Is this expected? (on macOS, after downloading the model for about 30 mins)

image.png

view this post on Zulip Shivaraj B H (Apr 09 2024 at 06:03):

I have to debug this on macOS, usually a restart of that process and then the open-browser process solves it

view this post on Zulip Srid (Apr 09 2024 at 06:03):

Alright, just a temporary issue. Re-running it worked

view this post on Zulip Shivaraj B H (Apr 09 2024 at 06:04):

I think it has to do with the initial_delay_seconds of the readiness_probe because uvicorn takes a while to start

view this post on Zulip Shivaraj B H (Apr 09 2024 at 06:09):

And also about the model pull taking long time, I am thinking of creating something like dockerPullImage for ollama models and serving it as a cache. I have ovserved that ollama pull starts off with a good bandwidth and it just goes to kbps in the end.

view this post on Zulip Shivaraj B H (Apr 09 2024 at 06:11):

In this way, I can also run flake checks, without requiring internet connection in sandbox mode

view this post on Zulip Shivaraj B H (Apr 09 2024 at 17:50):

@Andreas ollama-flake now exports a processComposeModule, see the examples: https://github.com/shivaraj-bh/ollama-flake/tree/main/example

view this post on Zulip Shivaraj B H (Apr 09 2024 at 17:51):

You can use them in any of your flake now

view this post on Zulip Shivaraj B H (Apr 09 2024 at 17:52):

I will be updating the README with relevant details too

view this post on Zulip Shivaraj B H (Apr 09 2024 at 17:57):

I want to make some design changes, like decoupling the open-webui service from ollama itself, allowing to configure them separately. I will deprioritise this for now, as I see a feature like dockerTools.pullImage for ollama models being more useful, I will research a bit on that next.

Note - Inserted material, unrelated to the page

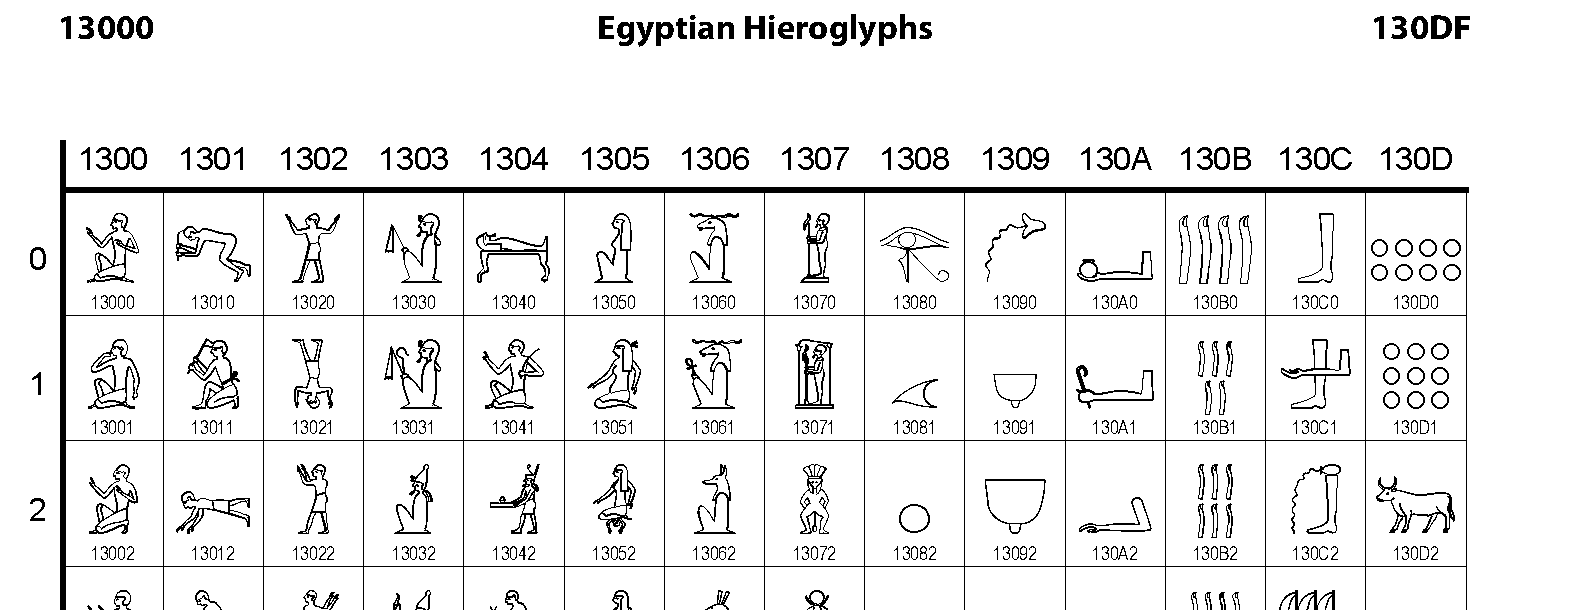 13000 Egyptian Hieroglyphs
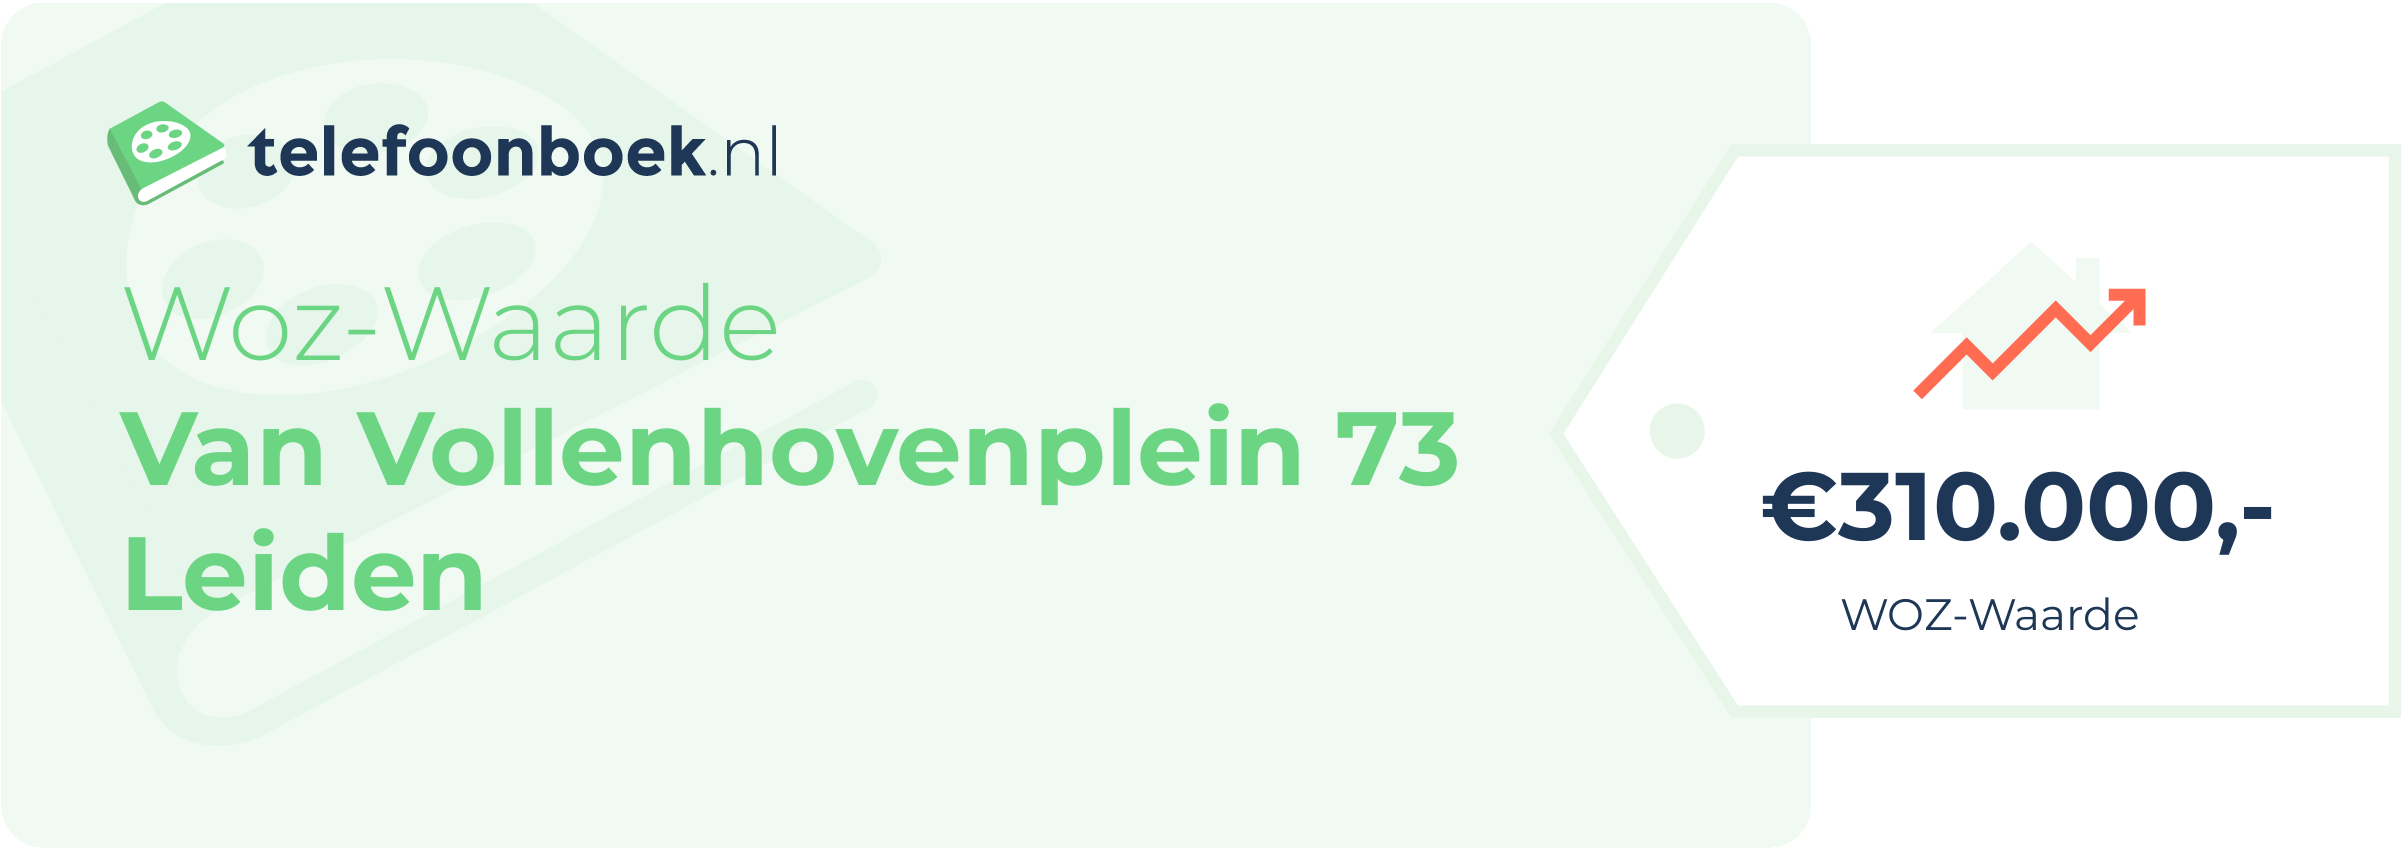 WOZ-waarde Van Vollenhovenplein 73 Leiden

view this post on Zulip Shivaraj B H (Apr 09 2024 at 17:58):

like decoupling the open-webui service from ollama itself

This will also allow configuring multiple frontends in the future, enable and disable them as you like.

view this post on Zulip Andreas (Apr 09 2024 at 18:13):

awesome, looking very nice! I will give it a try tomorrow maybe or a but later...

view this post on Zulip Shivaraj B H (Apr 10 2024 at 08:19):

Got my PR merged to open-webui: https://github.com/open-webui/open-webui/pull/1472

This has helped in packaging the frontend and backend in one single derivation.

Earlier I had to do a lot of hacky stuff to workaround this:
Screenshot-2024-04-10-at-1.48.04PM.png

view this post on Zulip Shivaraj B H (Apr 10 2024 at 08:19):

Now it looks clean:
Screenshot-2024-04-10-at-1.48.46PM.png

view this post on Zulip Shivaraj B H (Apr 10 2024 at 08:24):

I will resume work on ollama-flake tonight, will solve some juspay/nix-health issues now.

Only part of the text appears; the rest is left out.